(SUPPLIED MATERIAL begins)
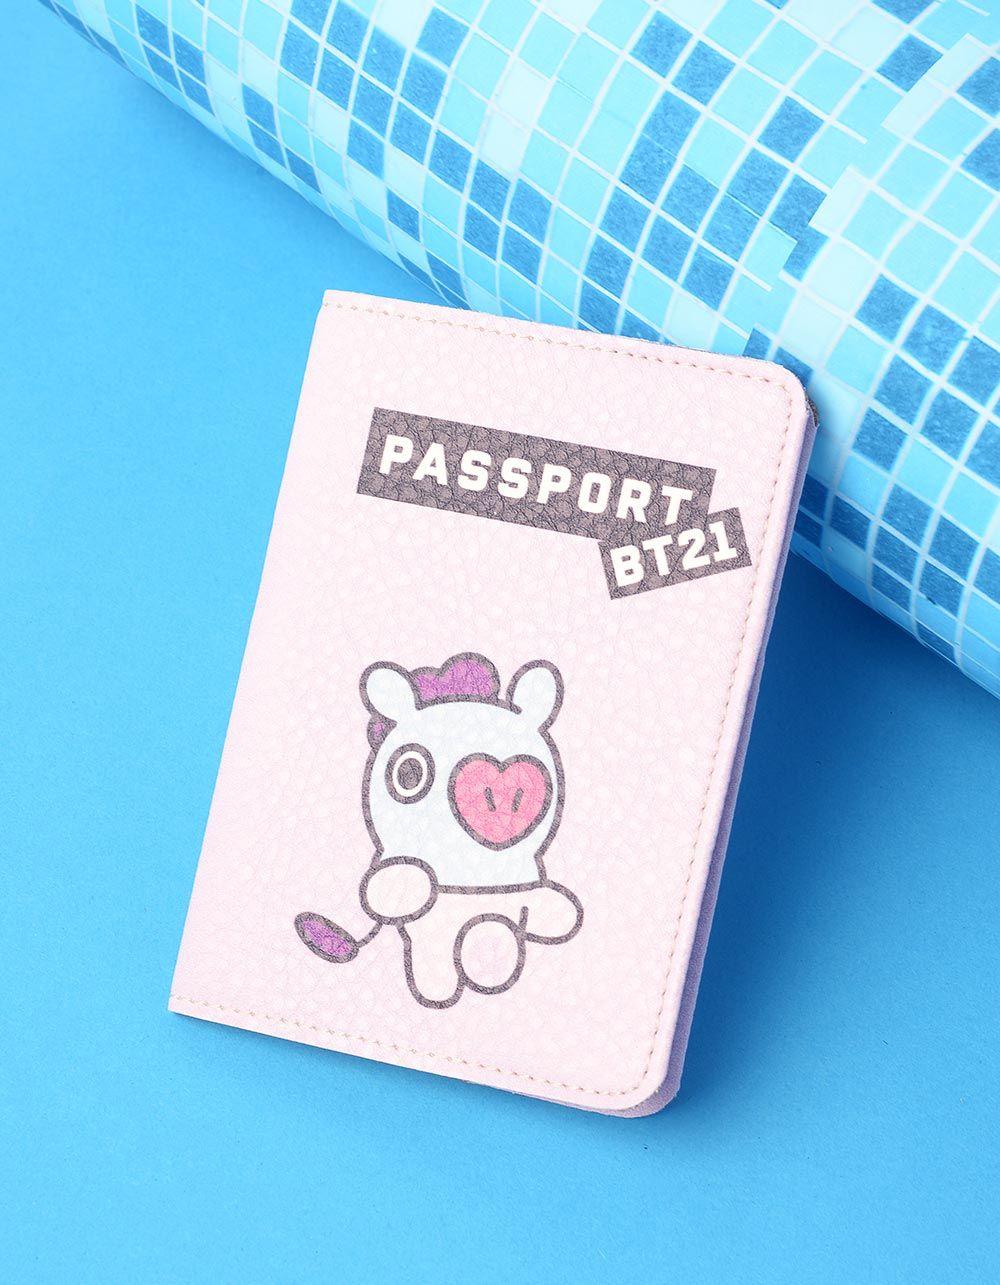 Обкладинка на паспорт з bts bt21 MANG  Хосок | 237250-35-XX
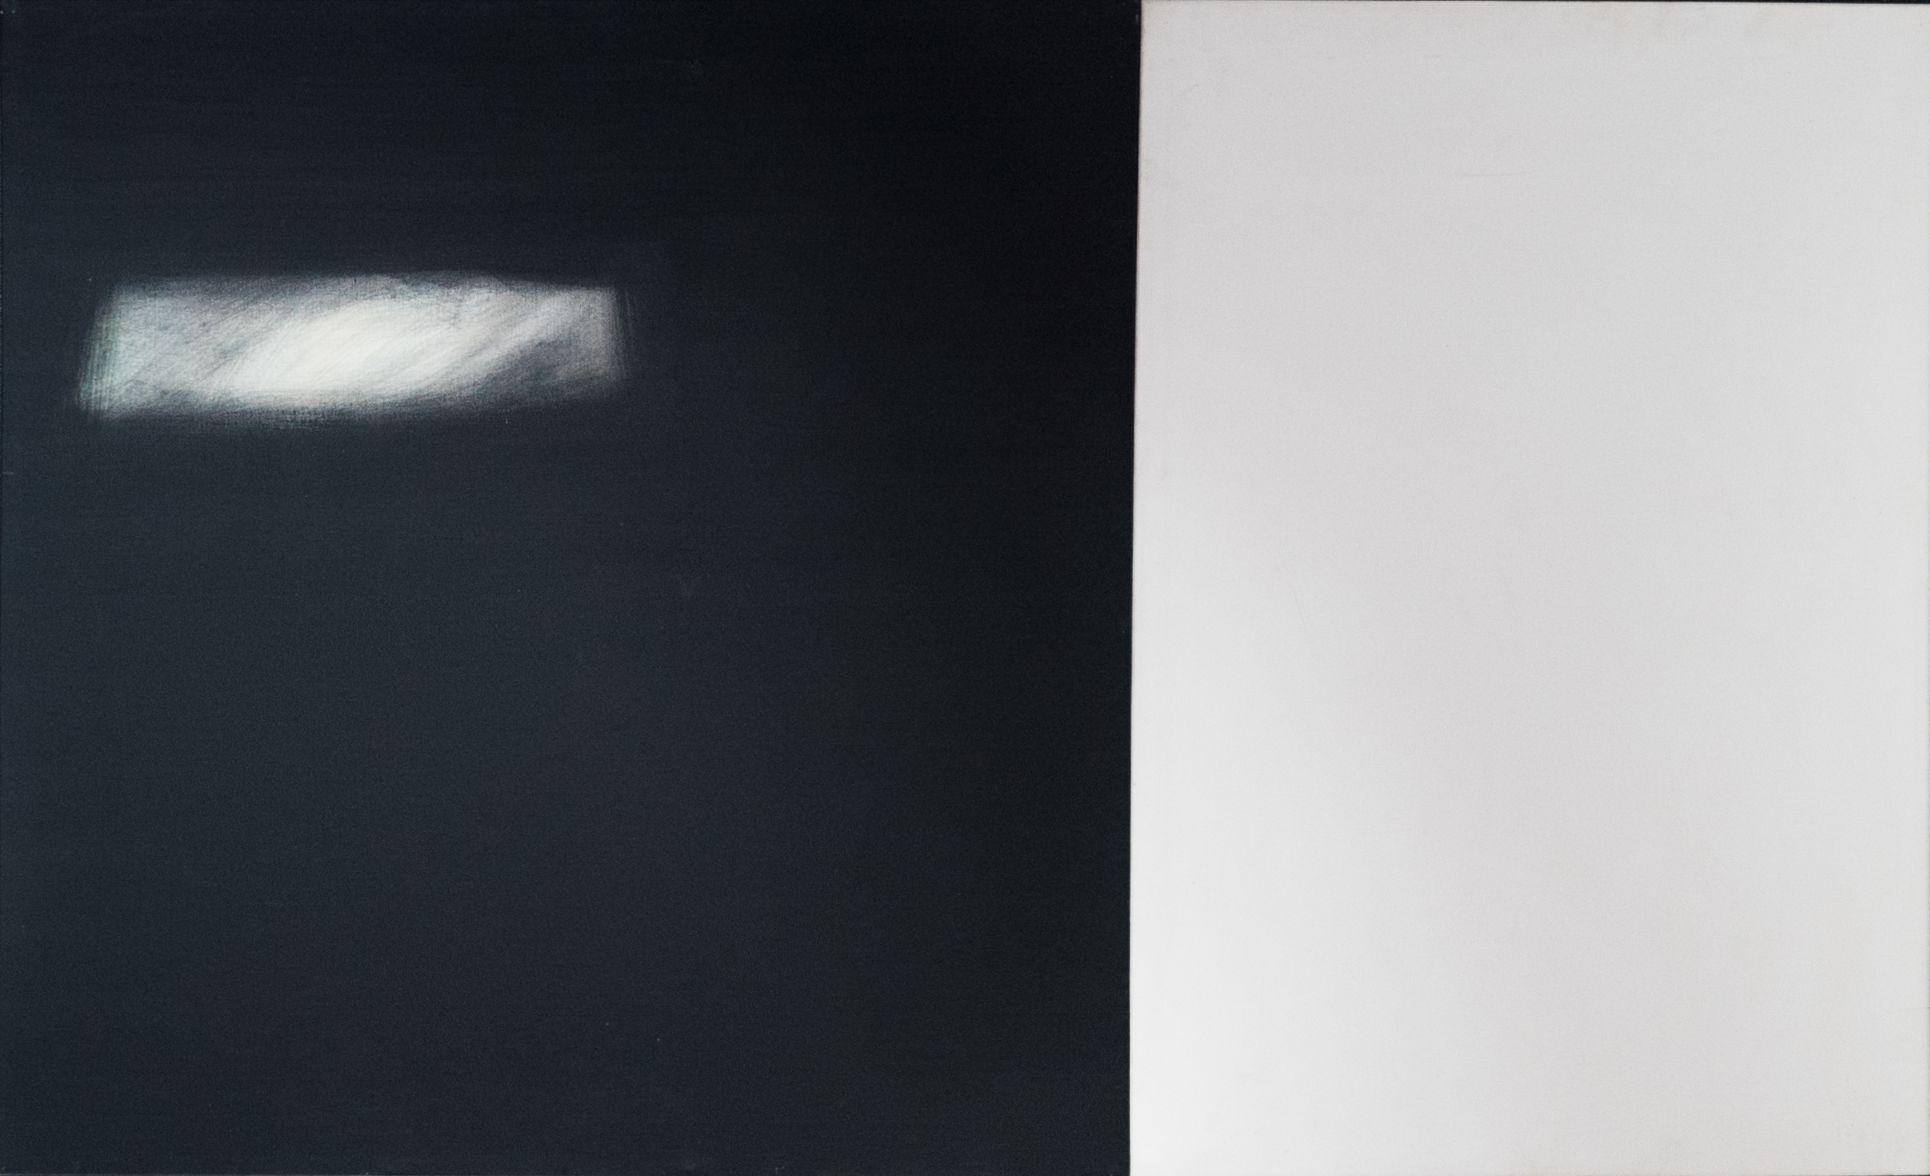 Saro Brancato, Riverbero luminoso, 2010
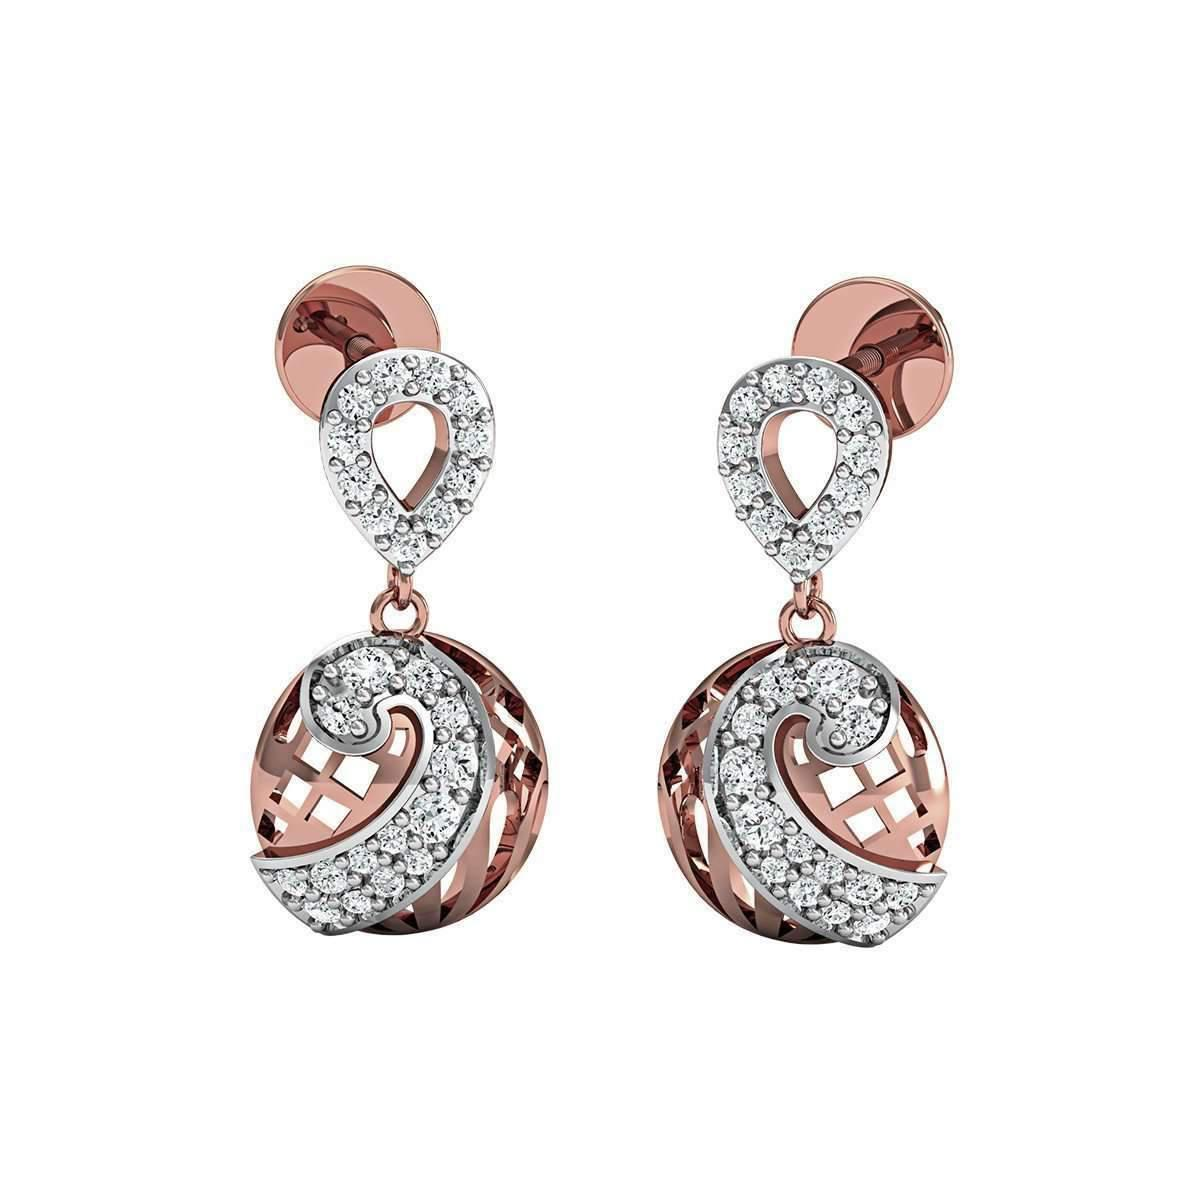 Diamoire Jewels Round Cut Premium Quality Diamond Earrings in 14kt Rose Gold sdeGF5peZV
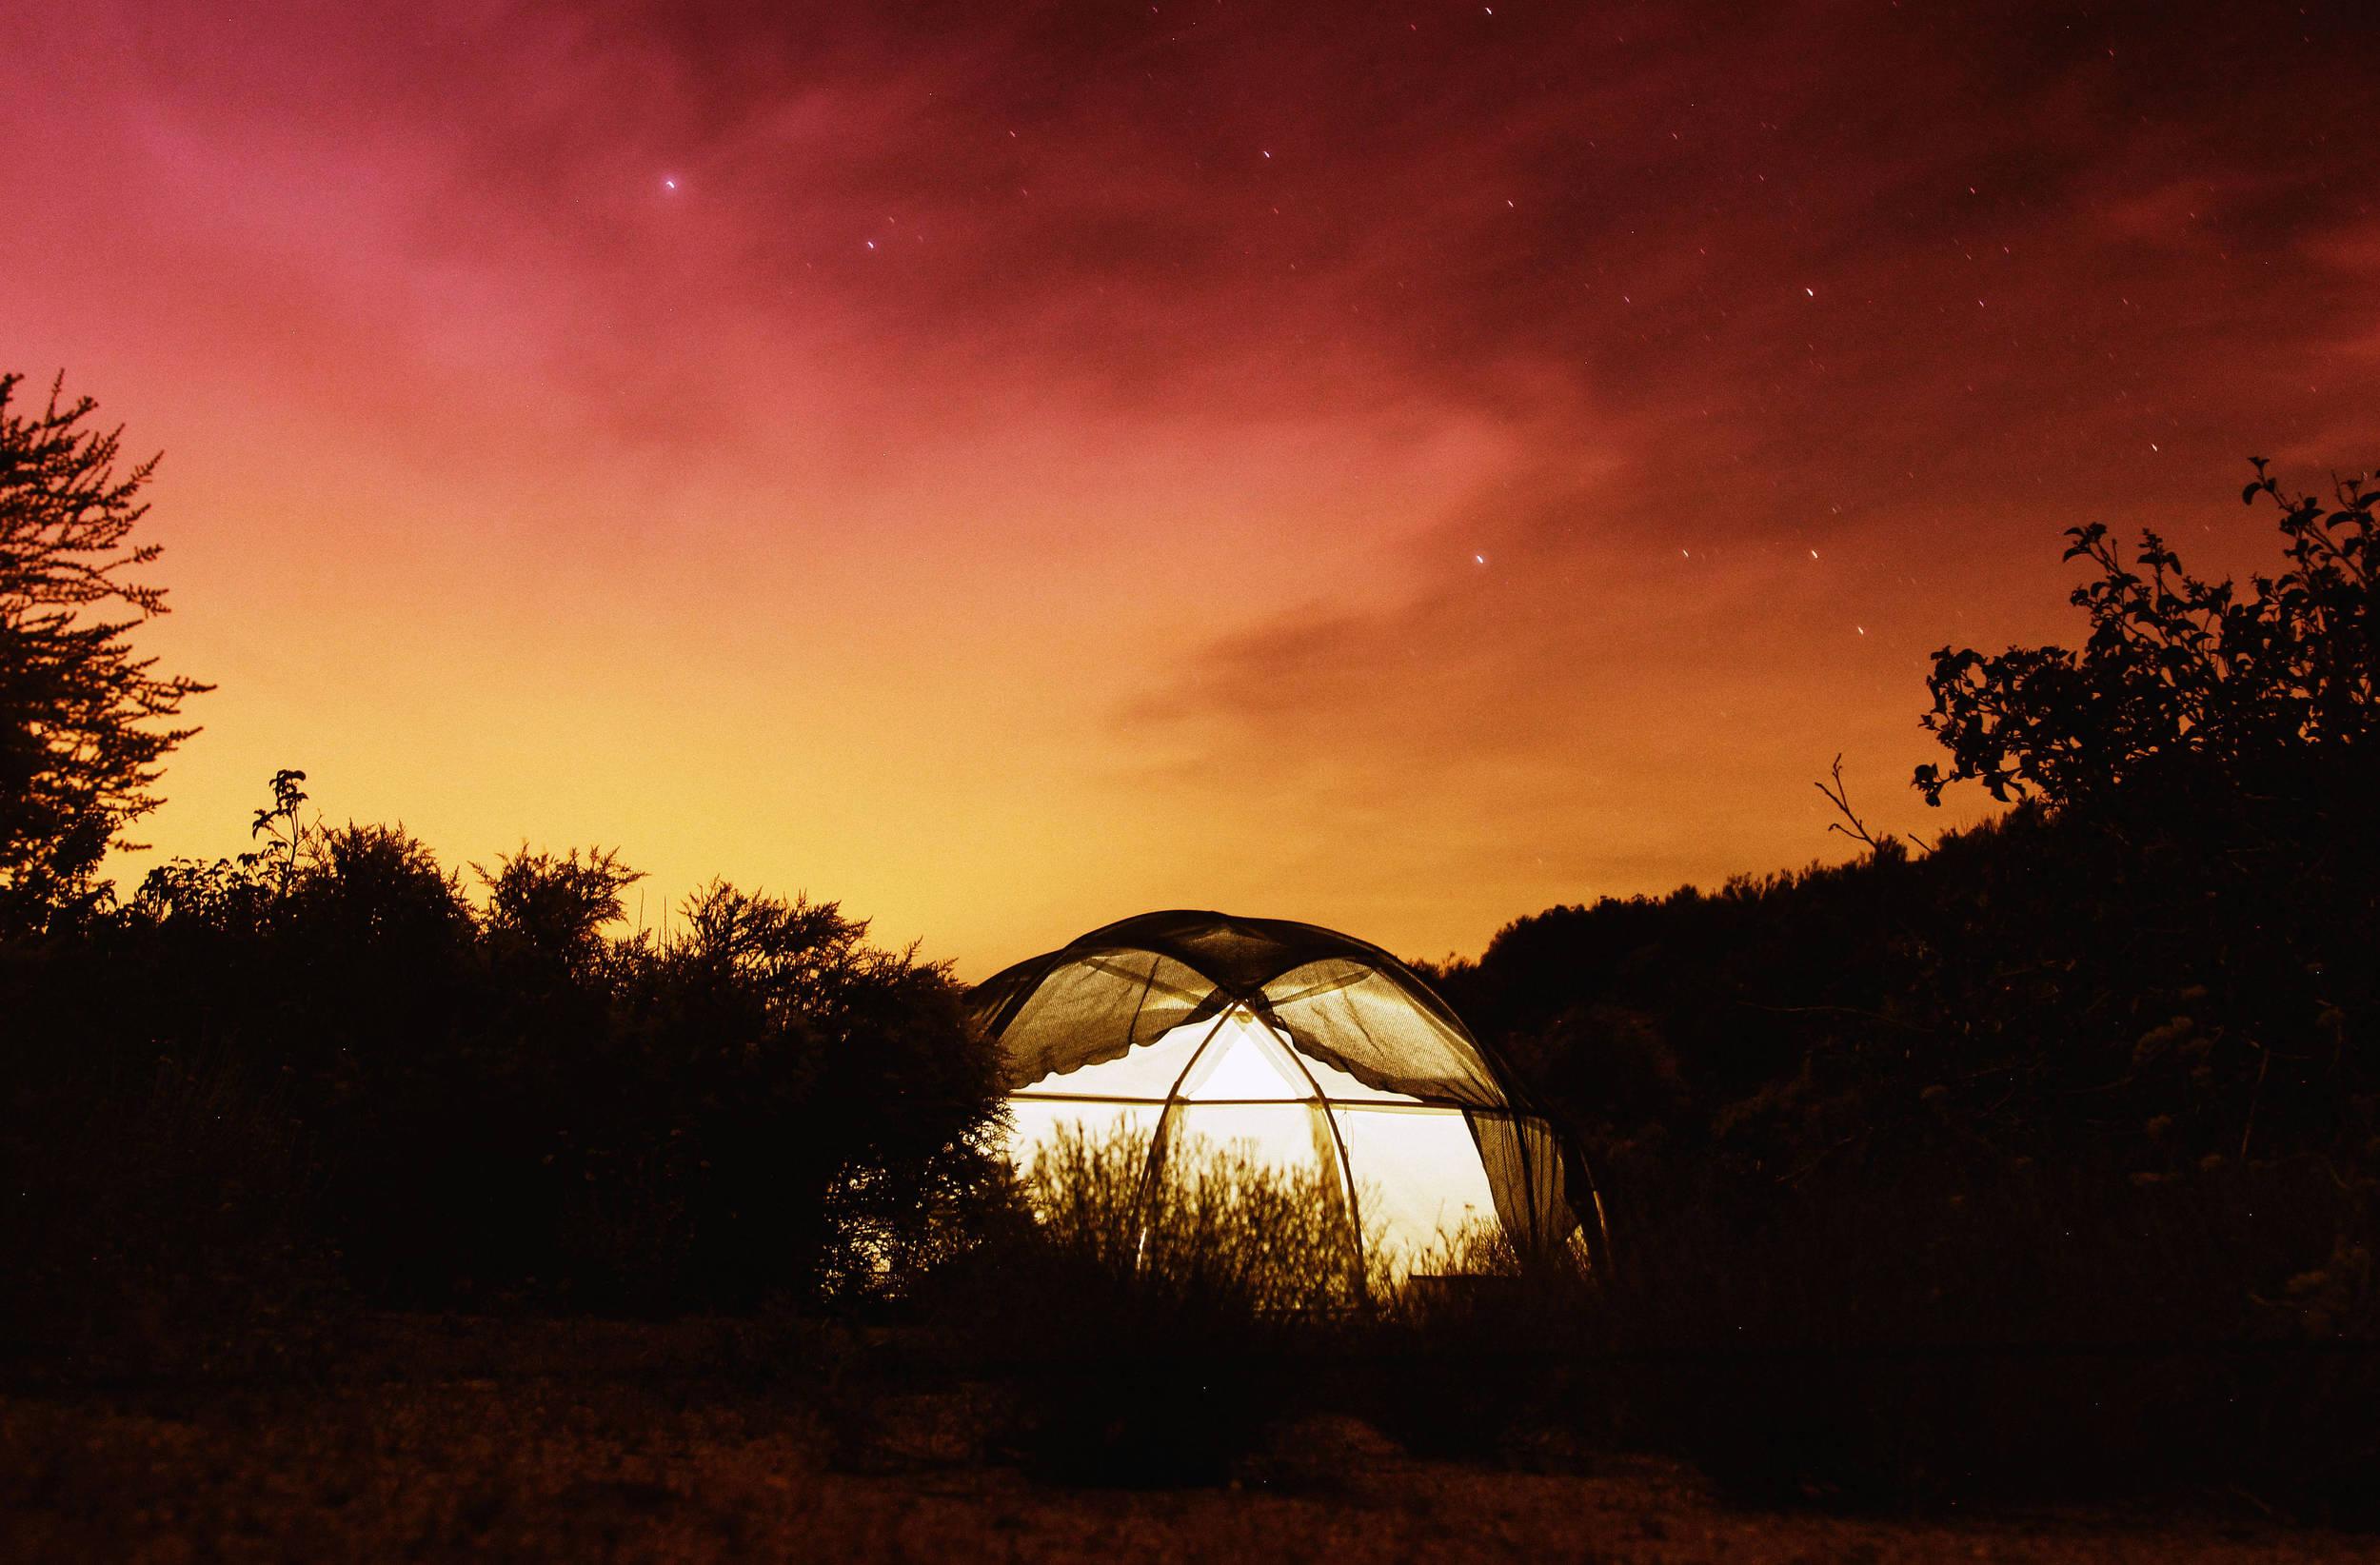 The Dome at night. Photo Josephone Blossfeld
(SUPPLIED MATERIAL ends)
**ABOUT THIS EXERCISE**
From the first line to the last, write out the data exactly, dropping any pictures.

**EXERCISE ANSWER**
 Обкладинка на паспорт з bts bt21 MANG  Хосок | 237250-35-XX
 Saro Brancato, Riverbero luminoso, 2010
 Diamoire Jewels Round Cut Premium Quality Diamond Earrings in 14kt Rose Gold sdeGF5peZV
 The Dome at night. Photo Josephone Blossfeld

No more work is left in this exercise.